COLLECTED DATA:
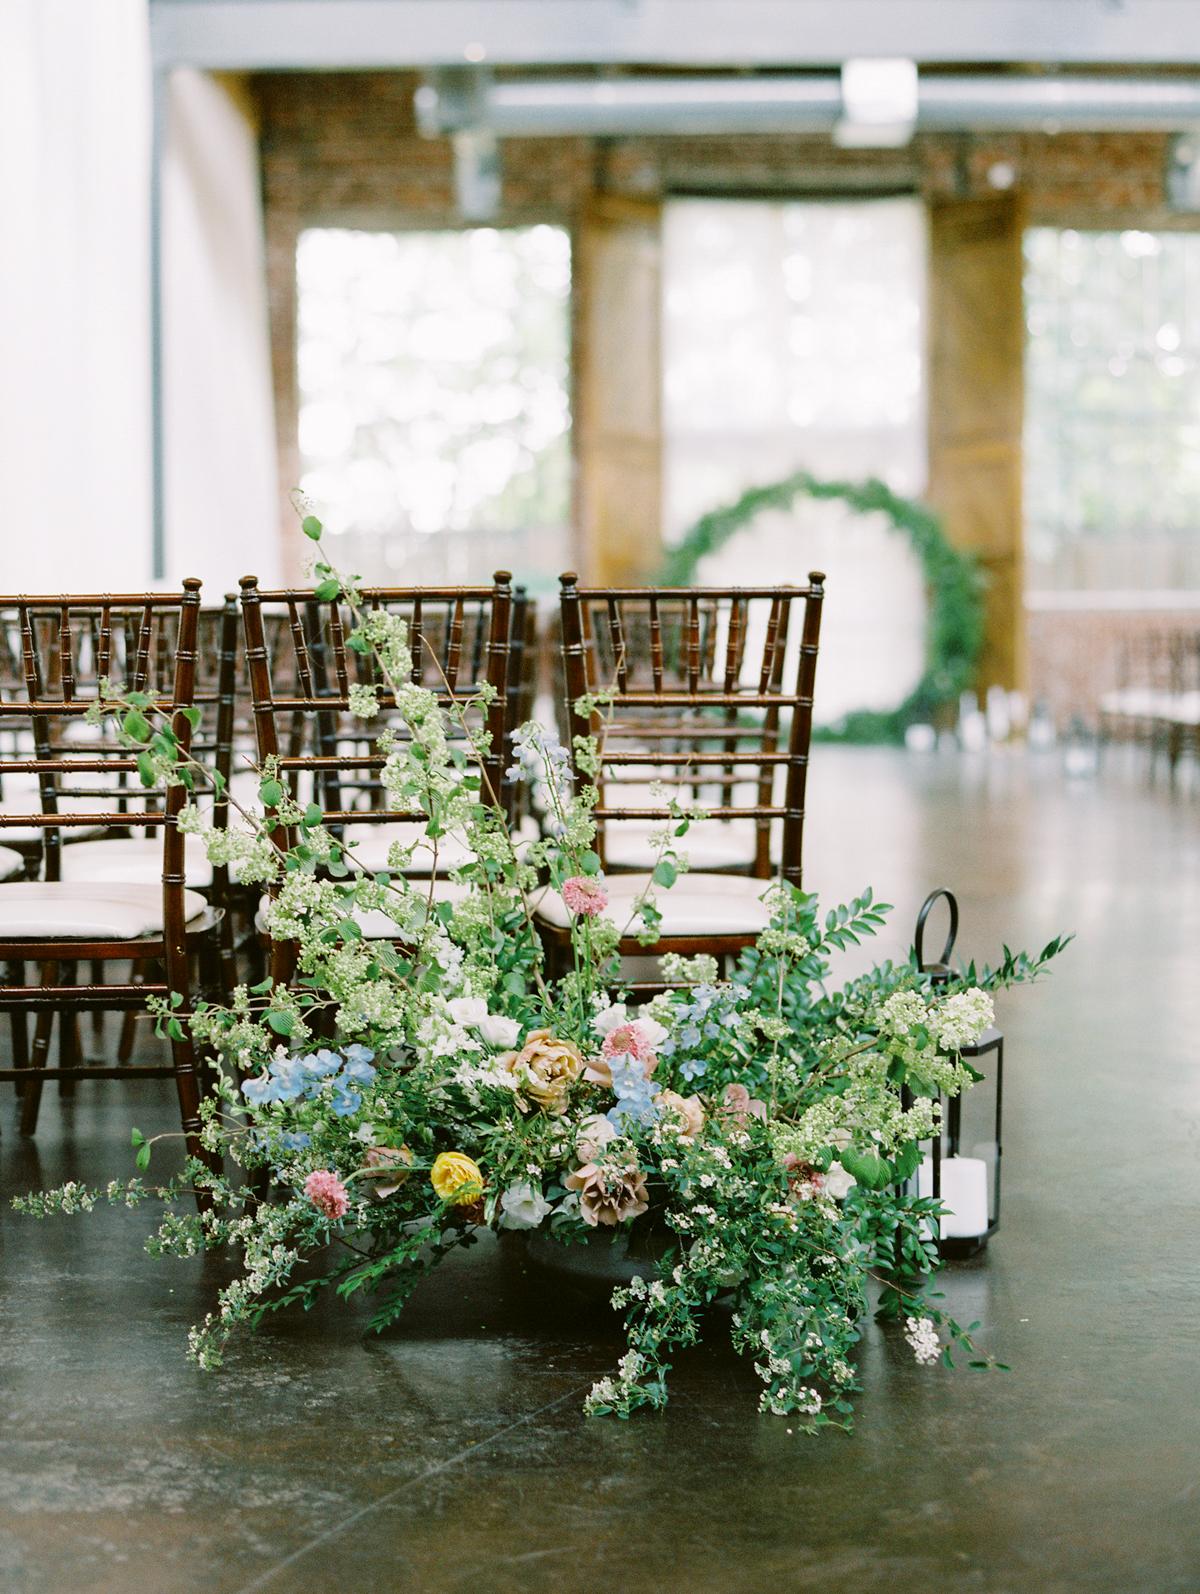 Foundry-At-Puritan-Mill-wedding-photos-venue-atlanta-fine-art-film-photographer31.JPG
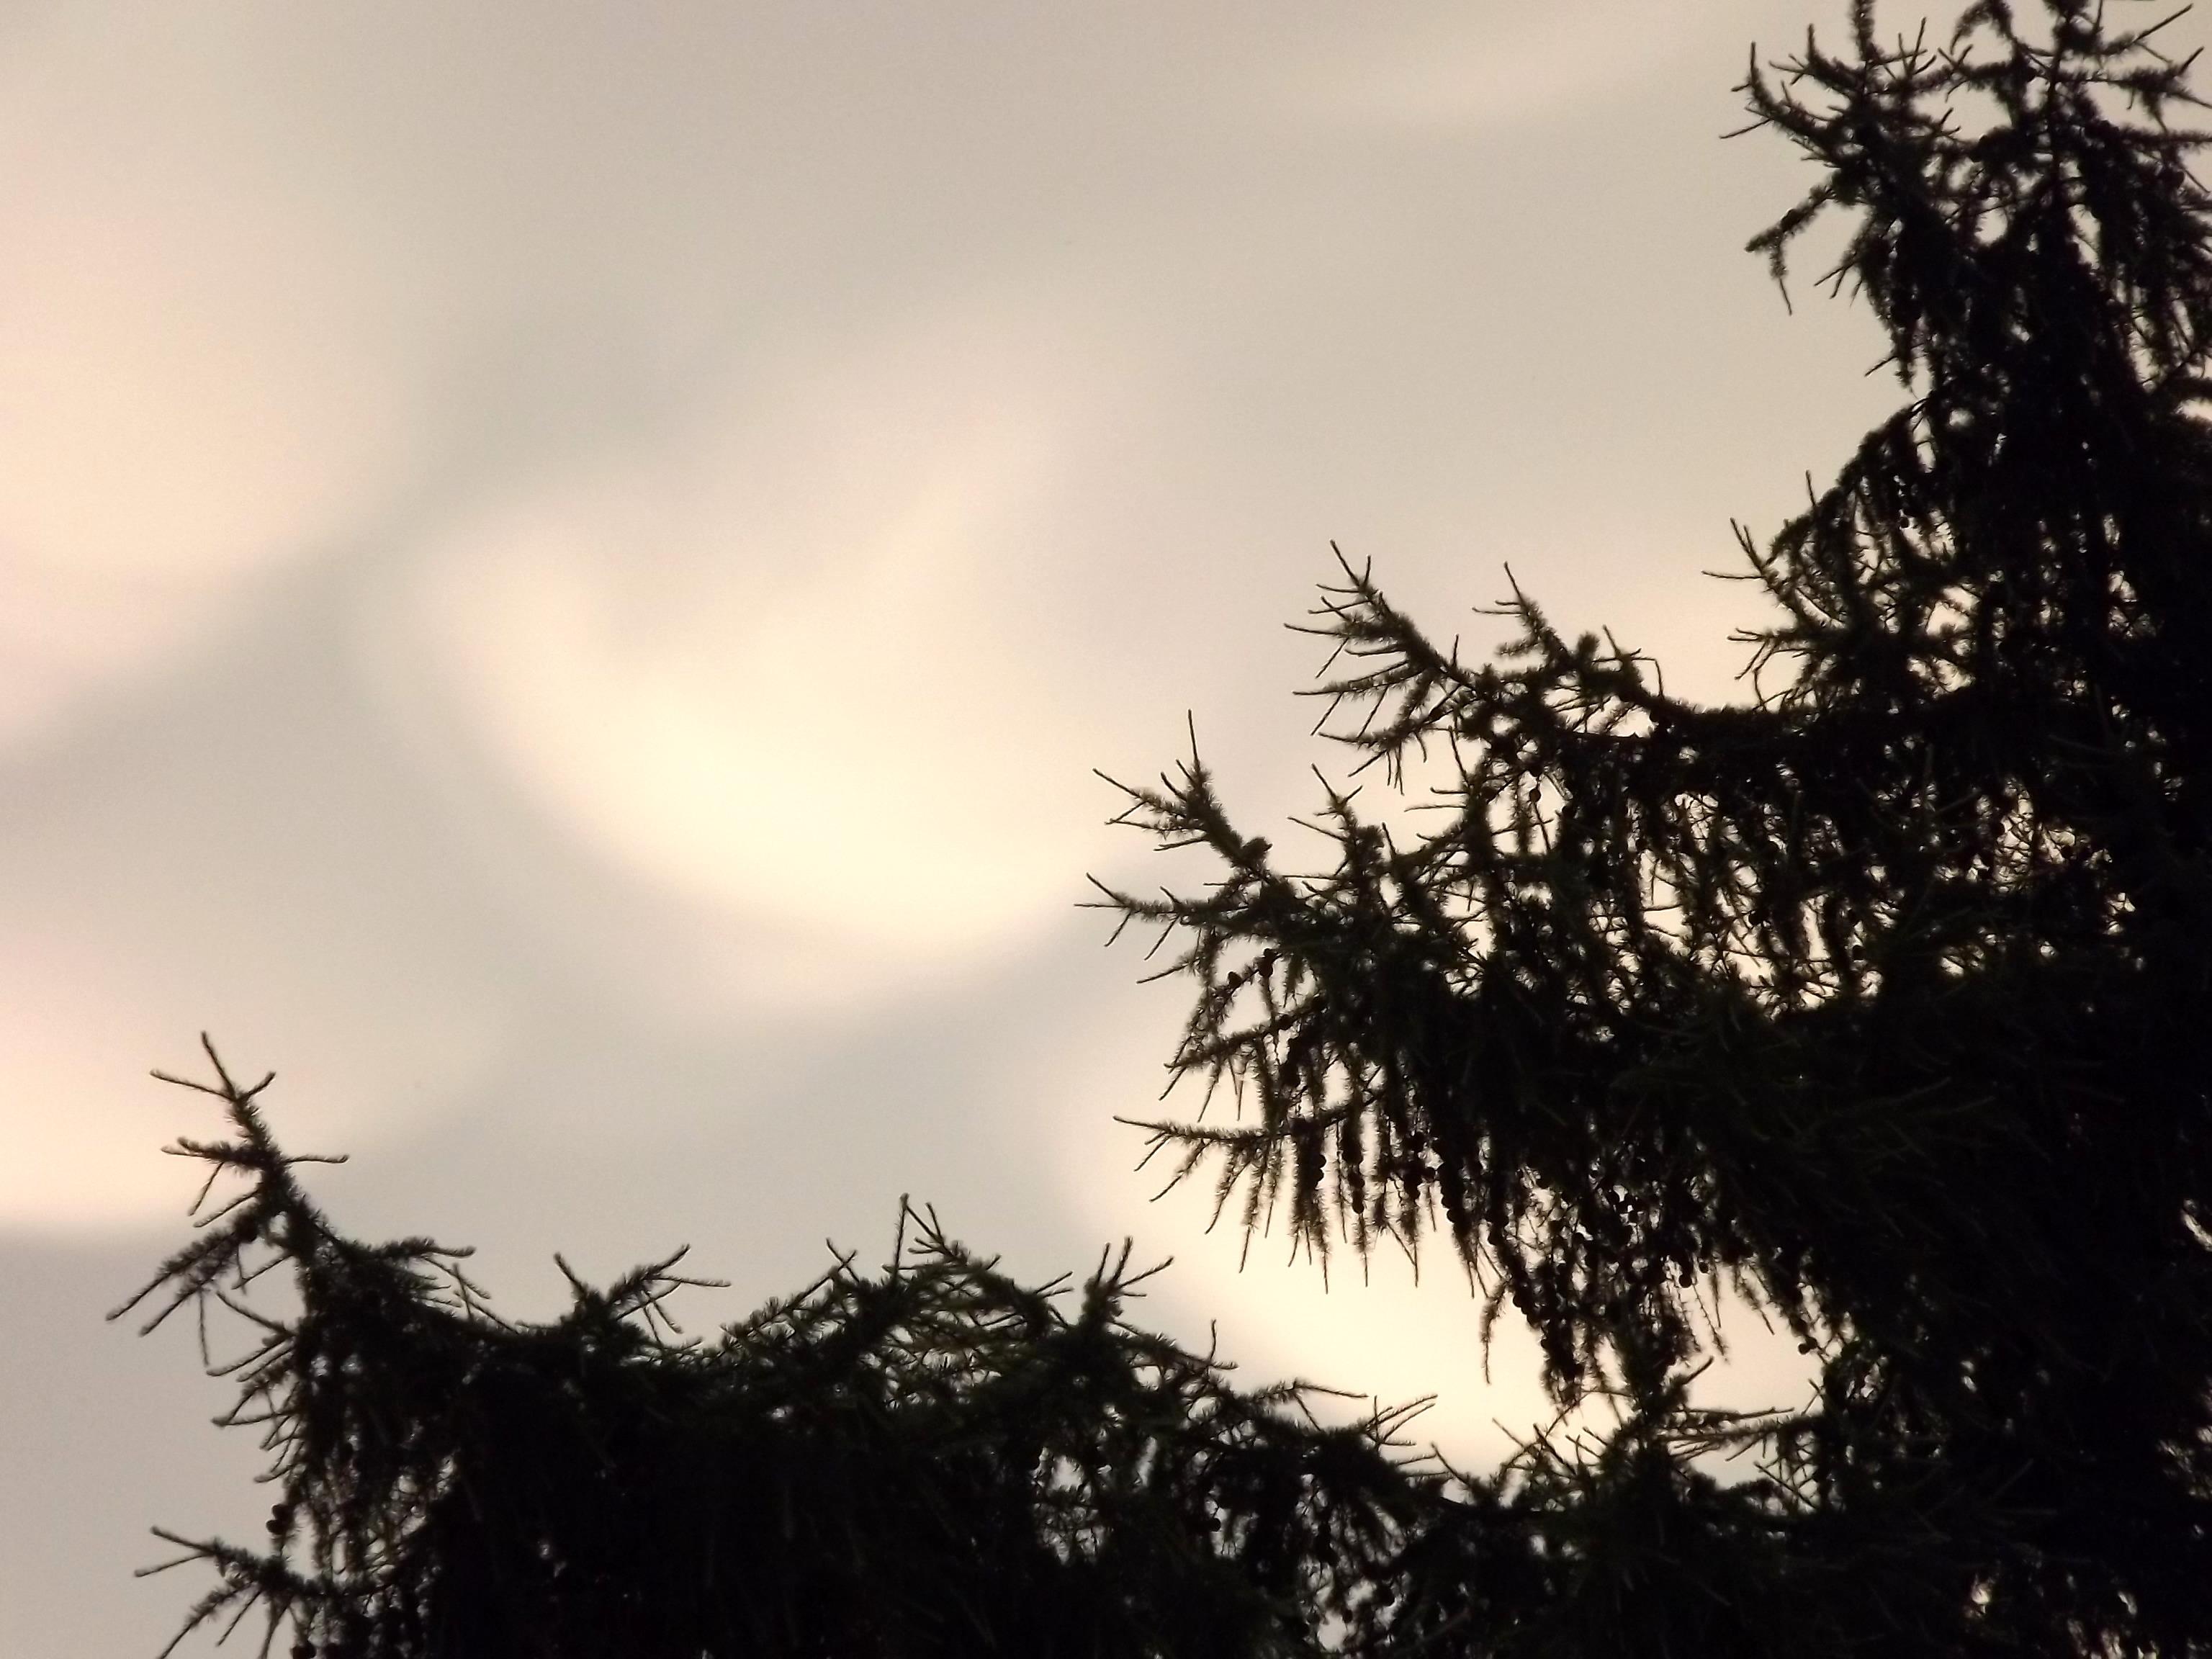 6252-himmel-wolken-zuckerwatte-tanne
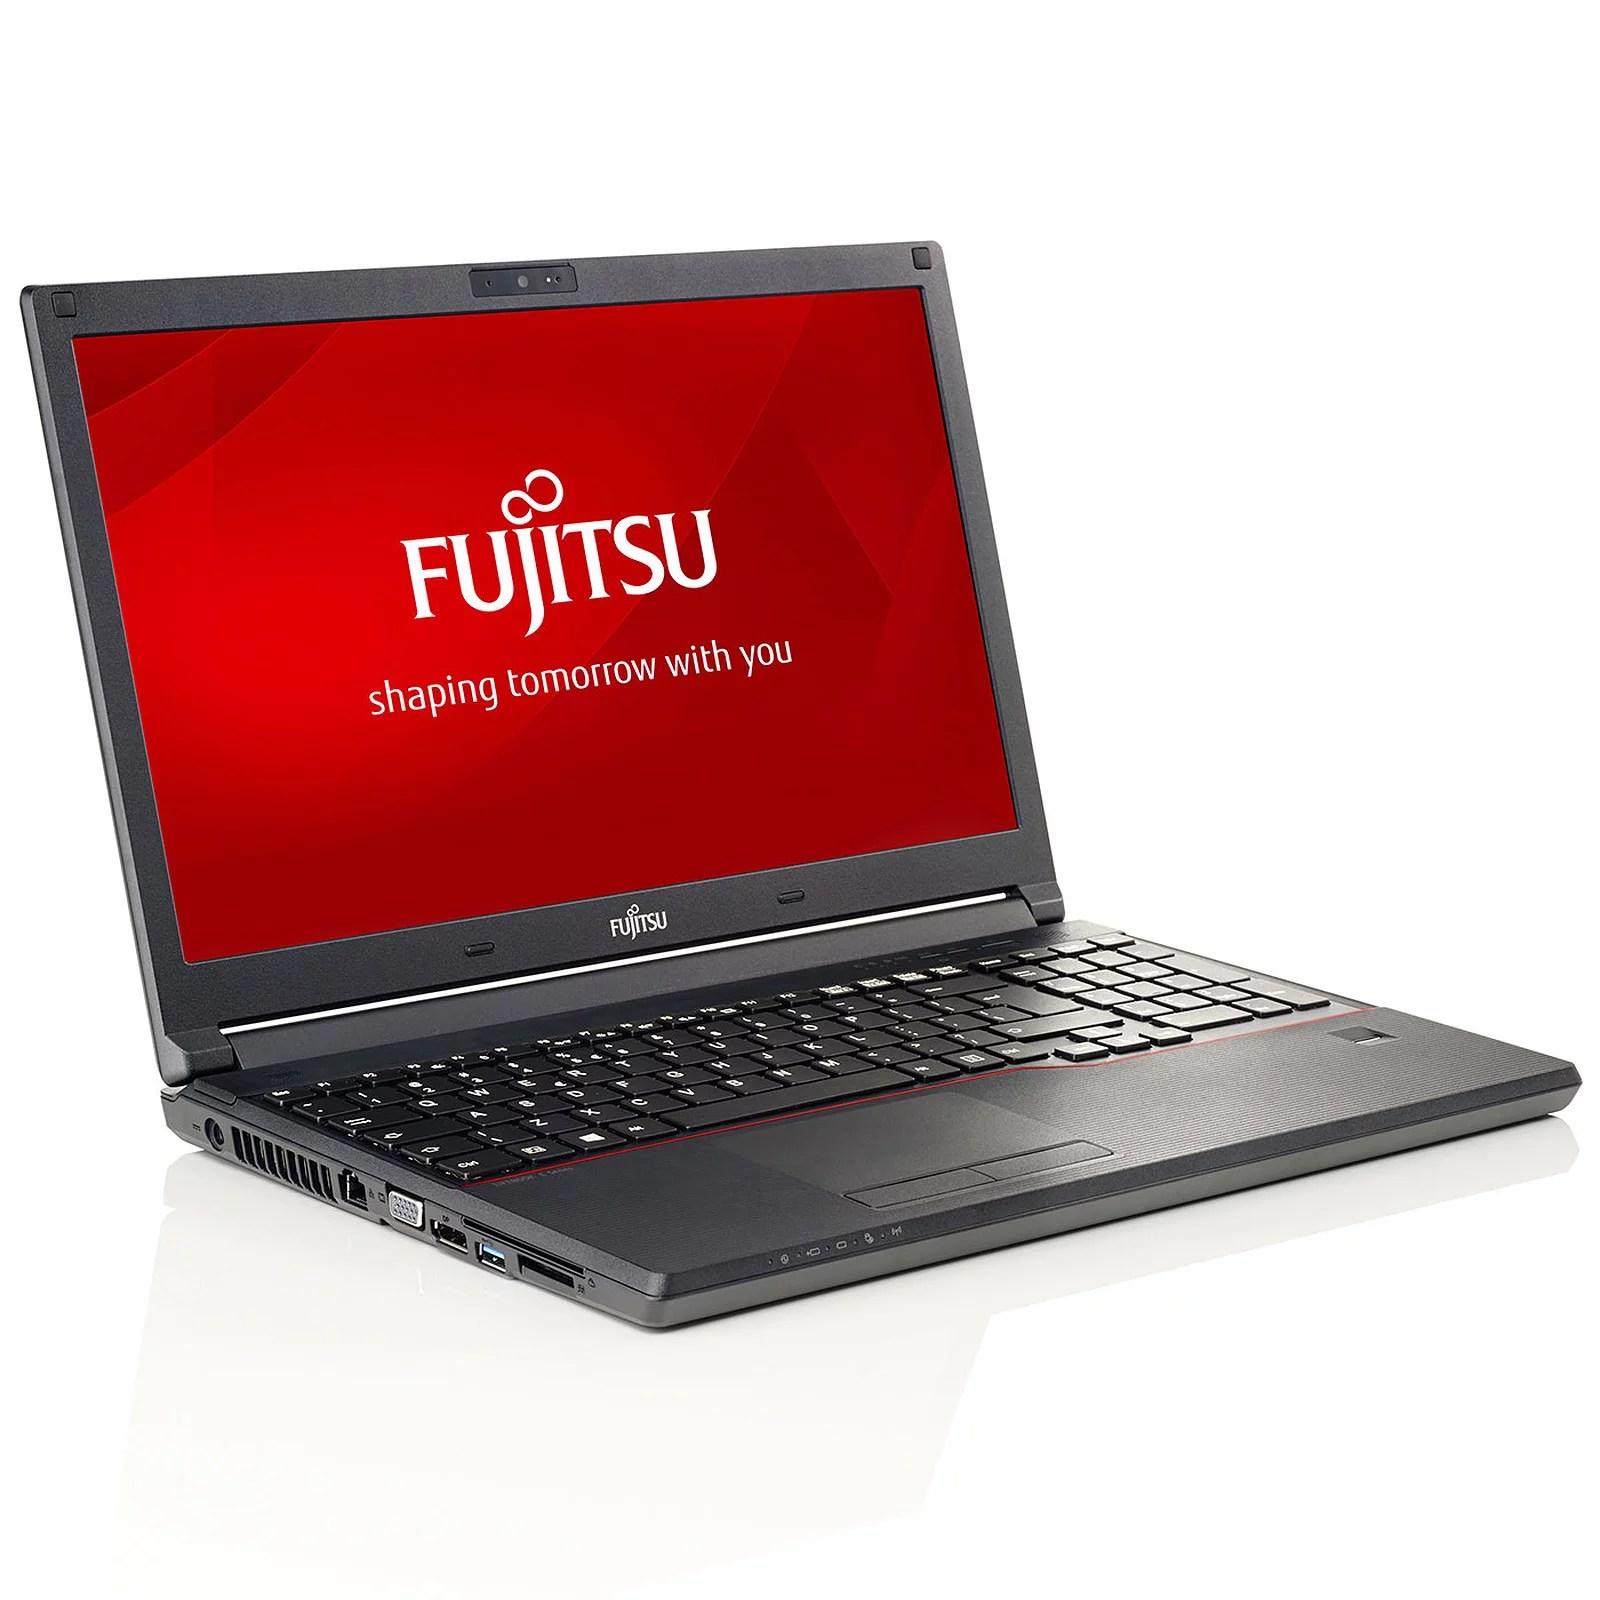 Fujitsu_E554

EXERCISE DIRECTIONS: Copy each line of the material above exactly, but not the images.

EXERCISE ANSWER:
 Foundry-At-Puritan-Mill-wedding-photos-venue-atlanta-fine-art-film-photographer31.JPG
 6252-himmel-wolken-zuckerwatte-tanne
 Fujitsu_E554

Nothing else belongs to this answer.